Friday, November 10, 2017

TTAB Orders Cancellation of CROC-TAIL Registration: Nonuse and Abandonment

The Board granted a petition for cancellation of a registration for the mark CROC-TAIL & Design for “alcoholic beverages, namely, ready to drink mixed alcoholic drinks; alcoholic beverages containing more than one and two-tenth % of alcohol by volume, namely, ready to drink mixed drinks based on distilled spirits,” on the ground of abandonment and nonuse. In prior TTAB rulings in the case, the Board held that a Section 66(a) registration may be cancelled even though the International Registration is still viable (TTABlogged here), and it granted Saddle Springs' motion to add a fraud claim (TTABlogged here). SaddleSprings, Inc. v. Mad Croc Brands, Inc., Cancellation No. 92055493 (November 8, 2017) [not precedential] (Opinion by Judge Karen Kuhlke).

Respondent sells an energy drink called MAD CROC, mostly to distributors for resale in bars and restaurants. It obtained its U.S. Registration for the CROC-TAIL & Design mark on February 20, 2007. Because the registration issued under Section 66(a), the earliest date on which the three-year presumption of nonuse/abandonment may be triggered is three years after the registration date.

Mad Croc contended that, although it did not sell alcoholic beverages to the consuming public, sales of the goods were made by its licensees - i.e., bars that prepare the CROC-TAIL brand alcoholic drink - according to respondent's guidance and instructions pursuant to verbal agreements with the licensees. Furthermore, since it did not itself sell alcoholic beverages, it did not need any governmental certification or permit. Mad Croc's witness testified that Respondent does not sell any alcoholic beverages.

The Board concluded that the mark was not in use in commerce and was abandoned:

The cocktails sold at third-party bars and restaurants are not Respondent’s goods and these third parties are not related companies, as contemplated by the Trademark Act.
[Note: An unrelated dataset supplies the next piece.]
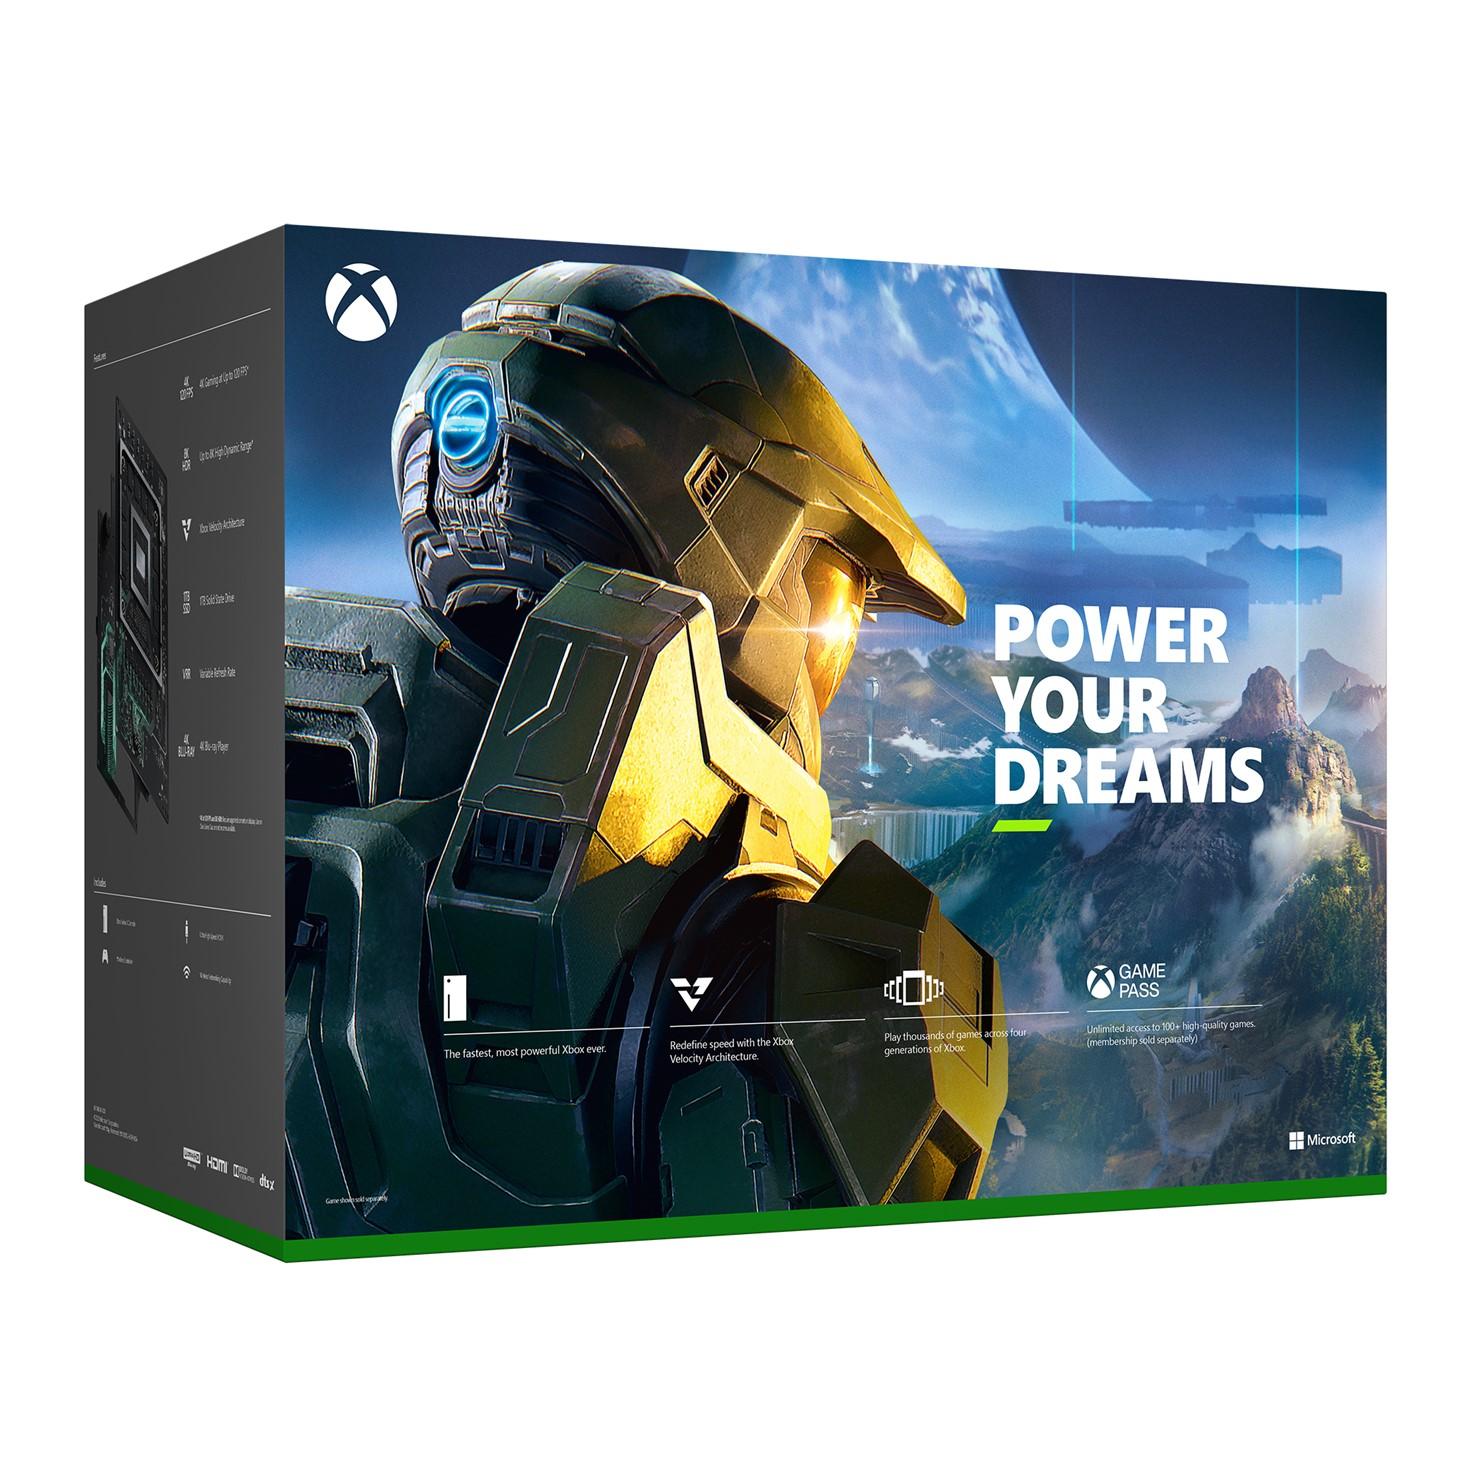 Фото задней части коробки Xbox Series X появилось в сети
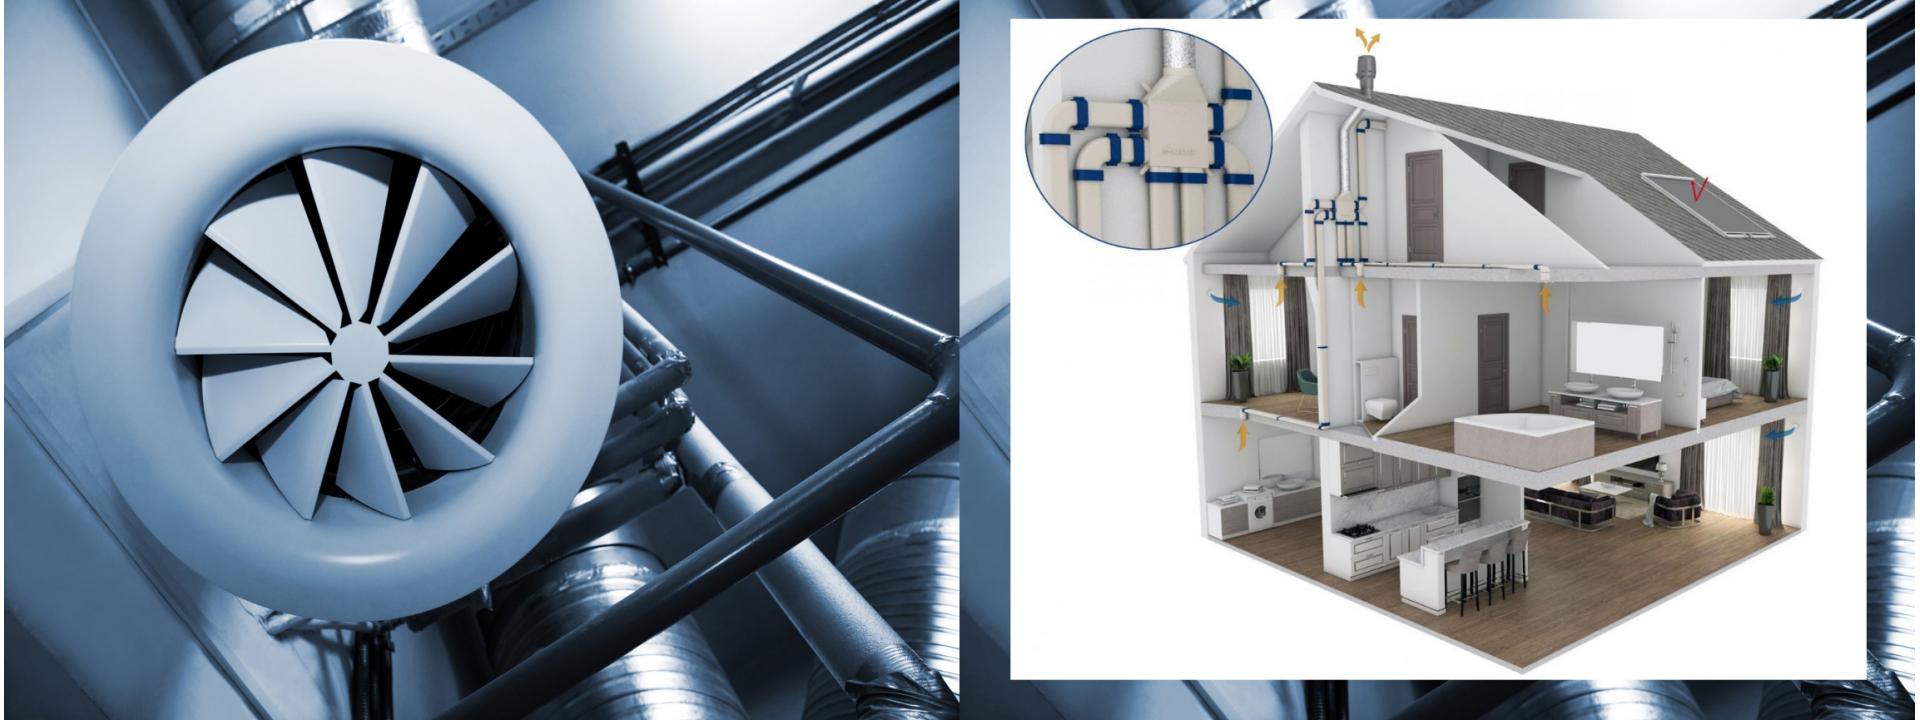 Системи побутової і промислової вентиляції

Moreover, Respondent’s activities were clearly directed at promoting the sales of its energy drink sold under the MAD CROC mark. Finally, Respondent’s asserted activities do not evidence an intent to commence or resume use. In view of the lack of use for over three years since the date of registration and no intent to commence use, Petitioner has established its abandonment/nonuse claims.

The Board declined to reach the fraud claim.

Read comments and post your comment here.

TTABlog comment: MAD CROC is not a registered trademark, according to my search of the USPTO records. Why not?

Text Copyright John L. Welch 2017.


At 9:25 AM, Anonymous Paul Reidl said...

Thanks, John. Timely. I am a petitioner in a very similar case and the respondent is making this identical argument.